The output should be the listing below, limited to the lines from the one with "2020年广西艺术学院全日制硕士研究生第二批拟录取名单公示" through the one with "Sisstrevolution 7 Seas", exact and without pictures.

START Data records

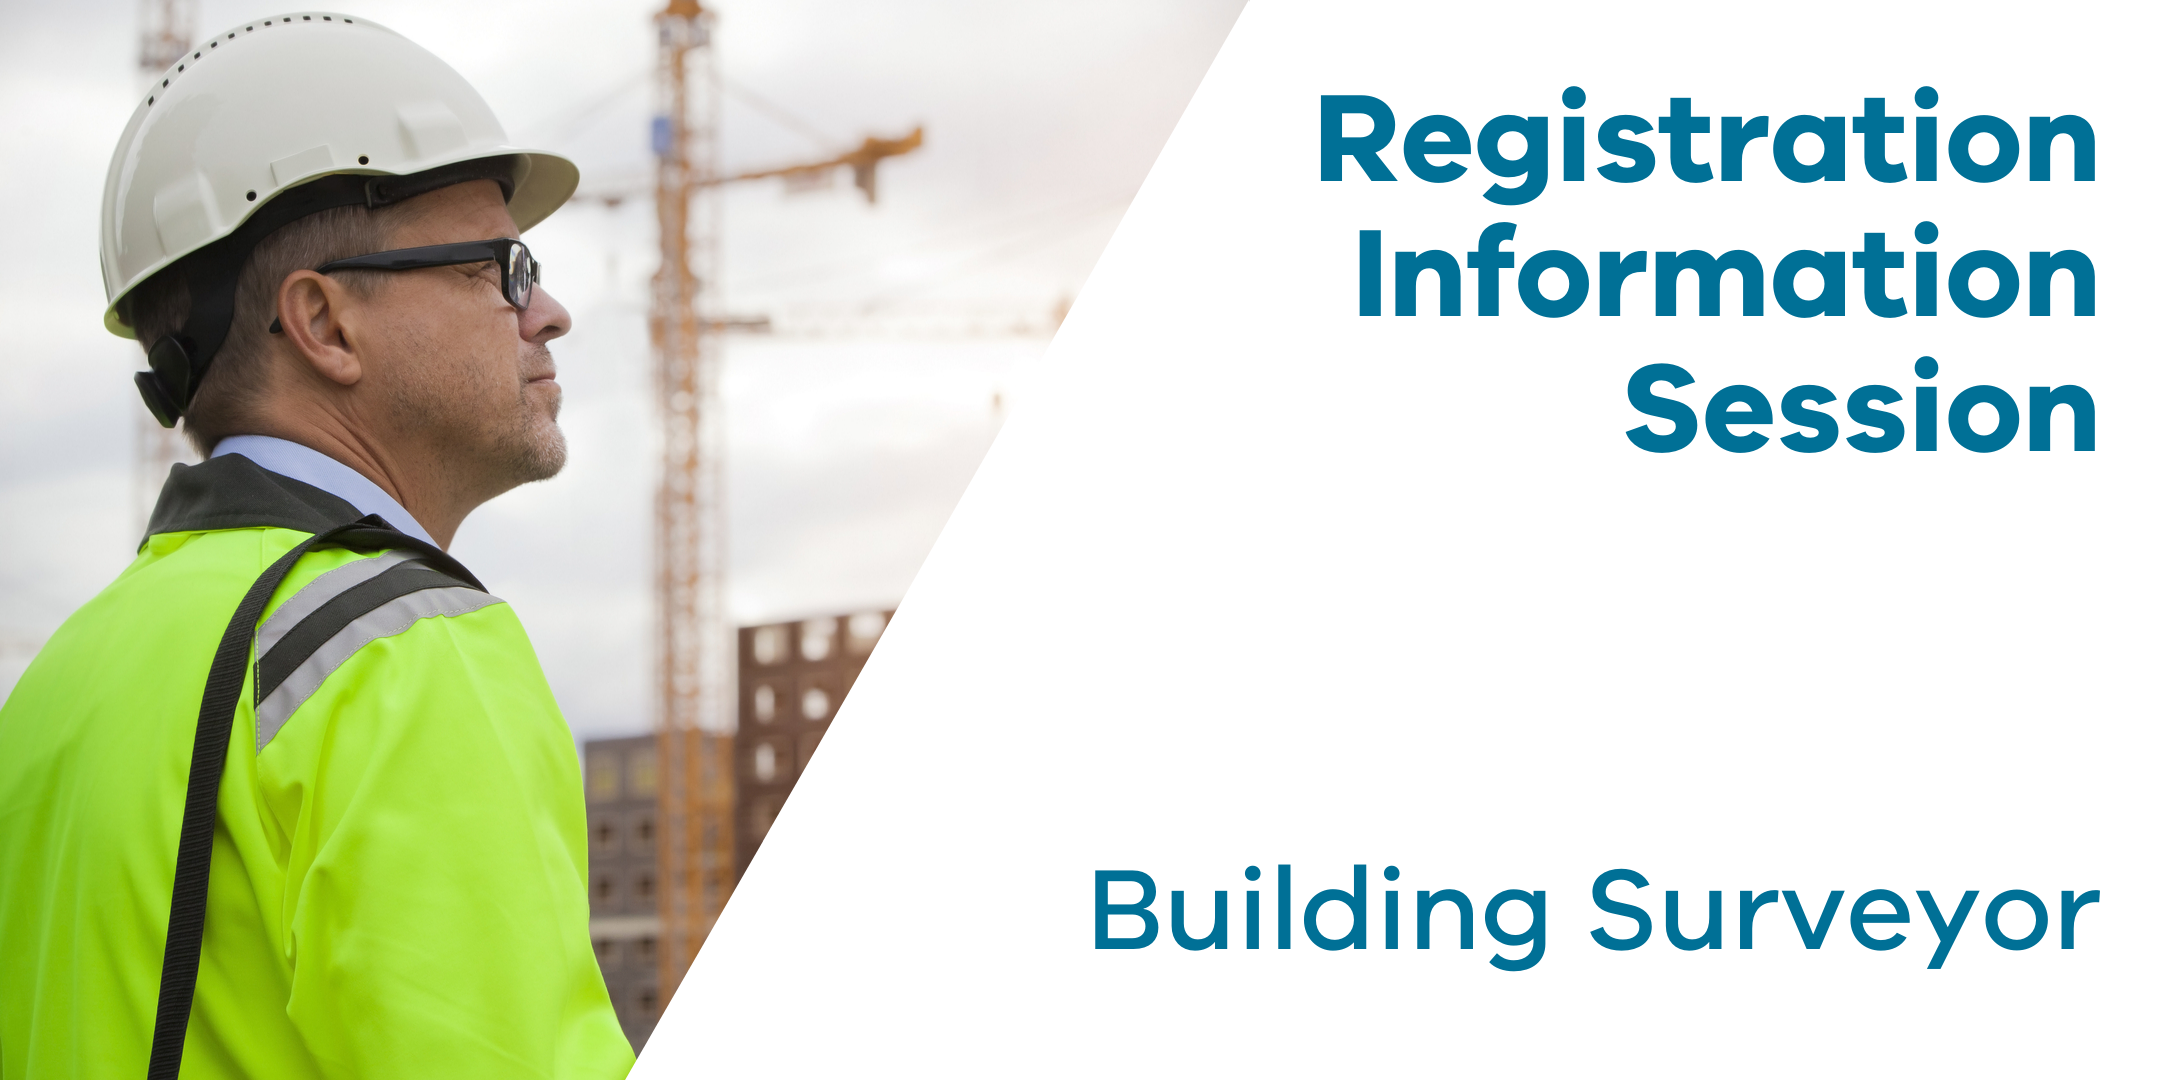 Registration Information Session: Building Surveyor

END Data records
START Data records

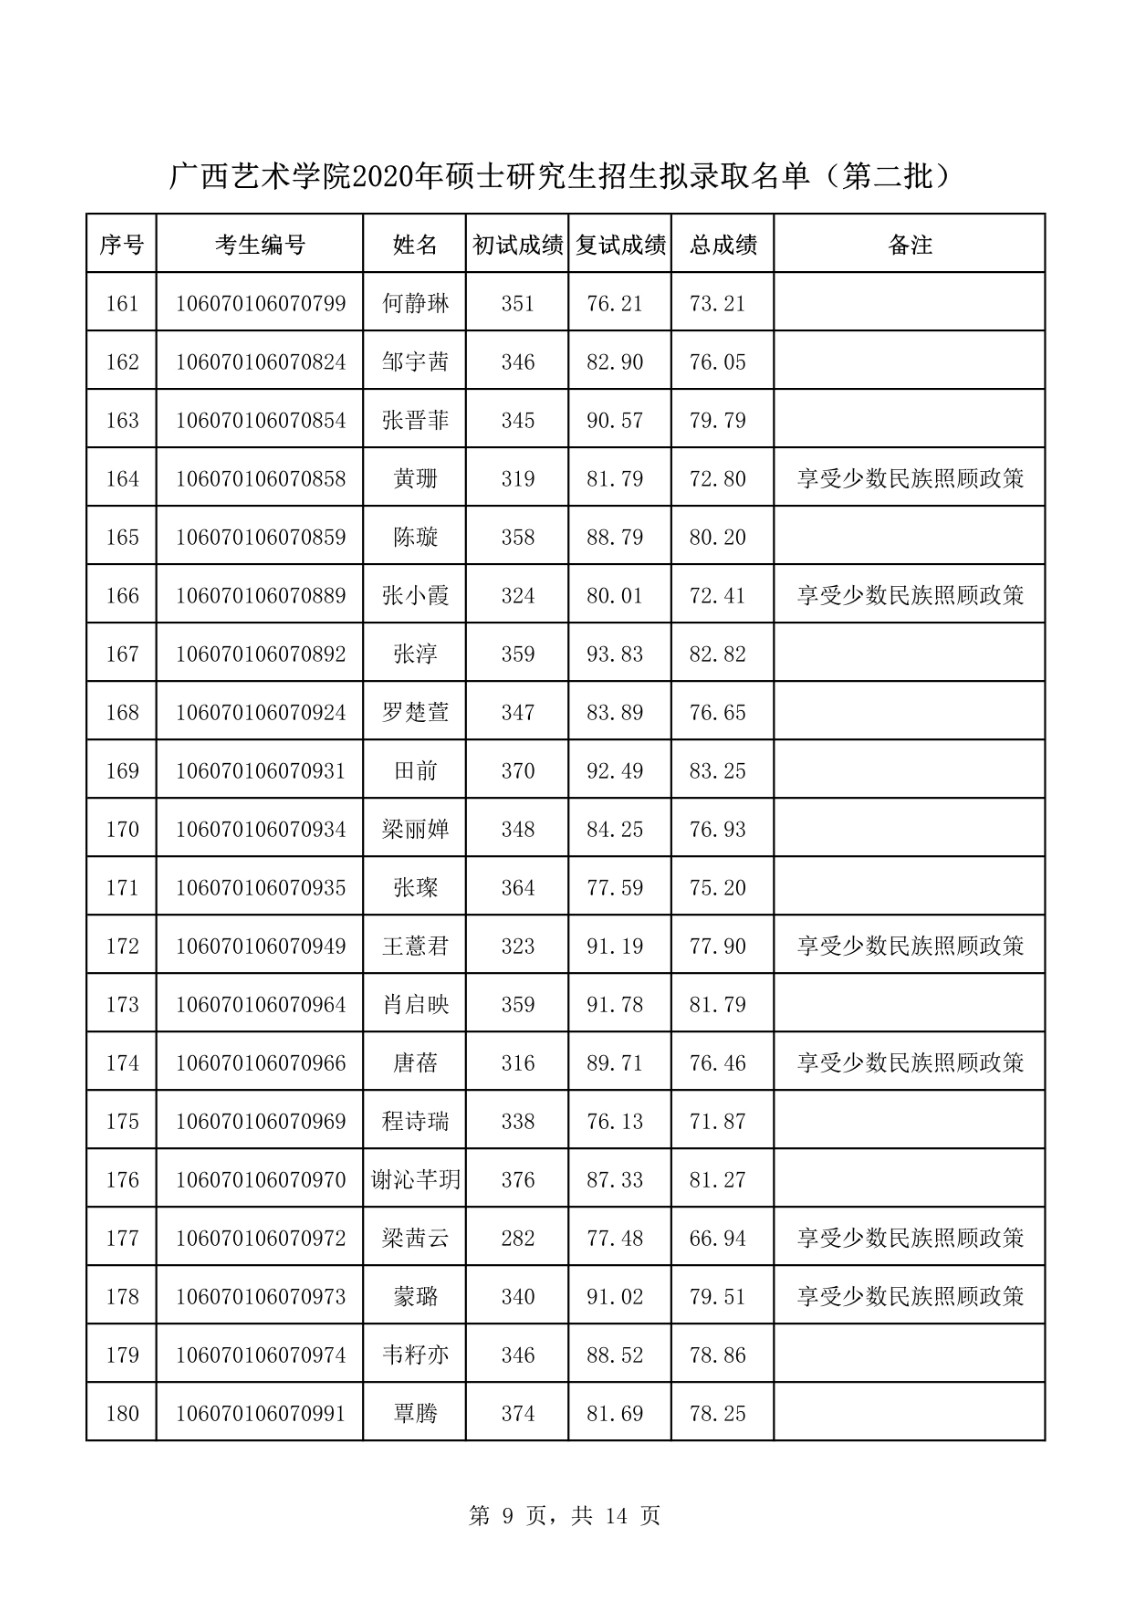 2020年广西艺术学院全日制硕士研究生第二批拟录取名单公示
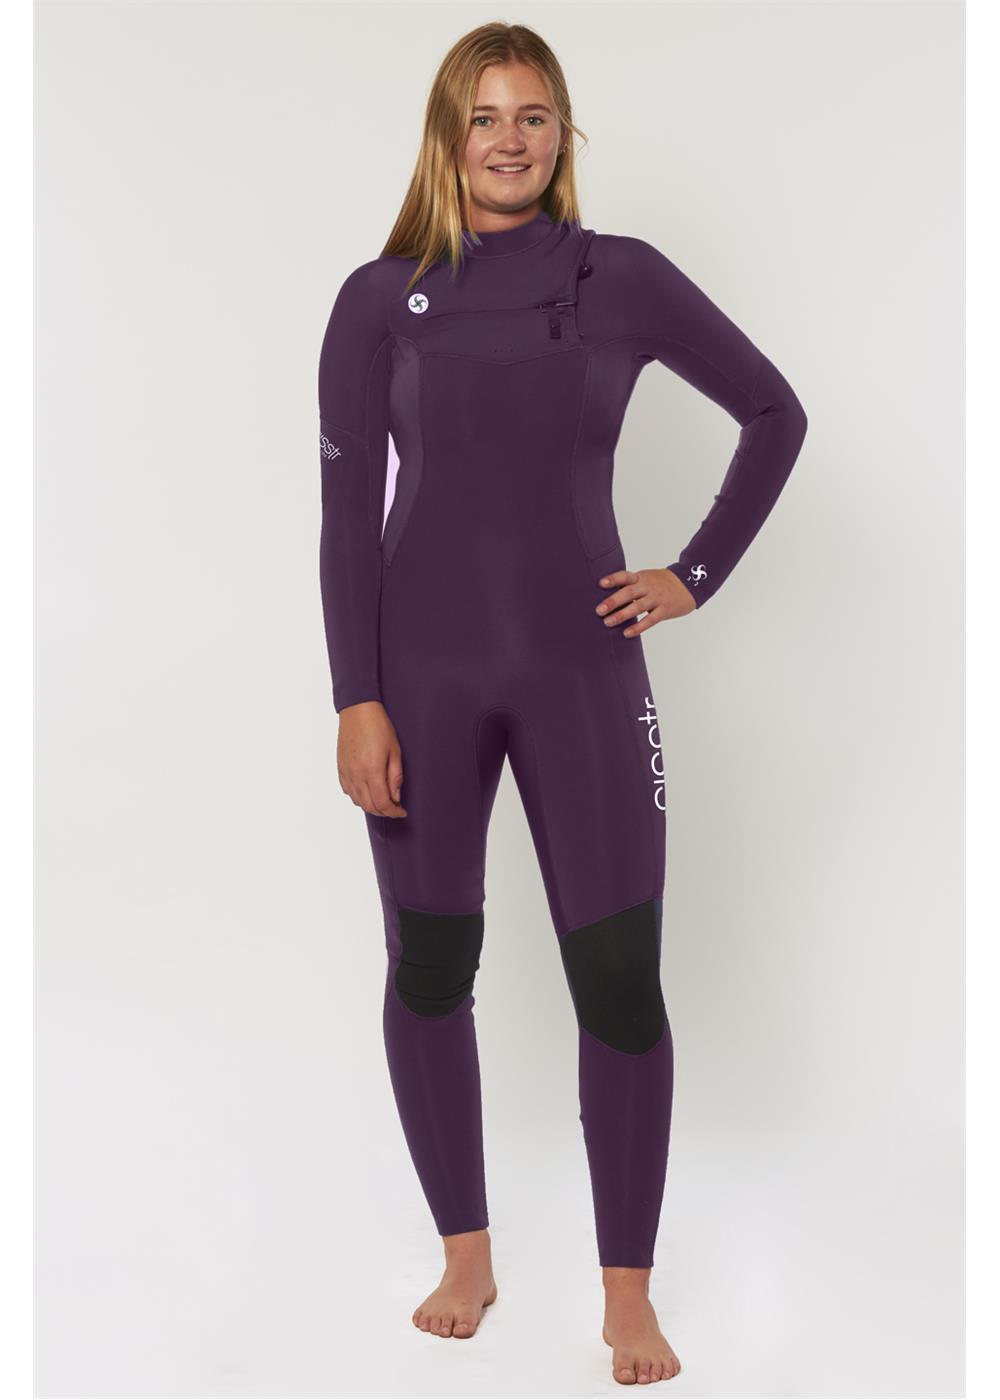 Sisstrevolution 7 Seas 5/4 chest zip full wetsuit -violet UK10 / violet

END Data records
START Data records

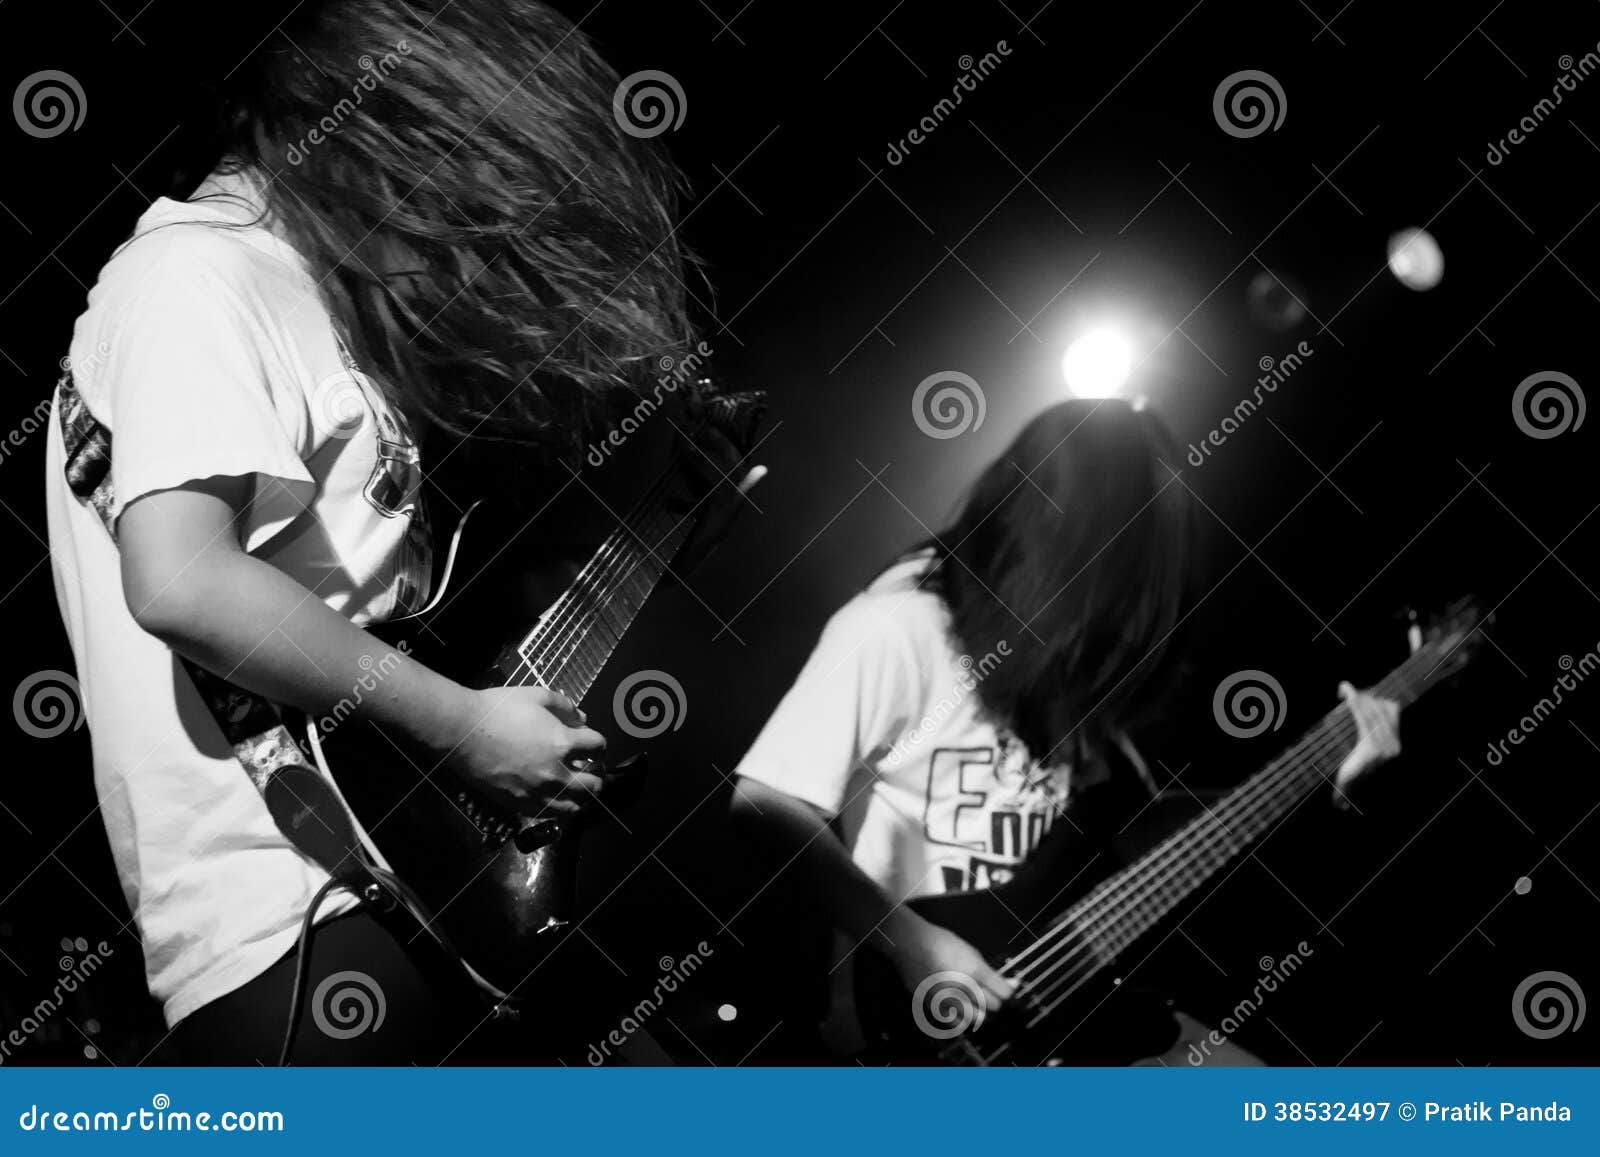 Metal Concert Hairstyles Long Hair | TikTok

END Data records

Your response —
 2020年广西艺术学院全日制硕士研究生第二批拟录取名单公示
 Sisstrevolution 7 Seas 5/4 chest zip full wetsuit -violet UK10 / violet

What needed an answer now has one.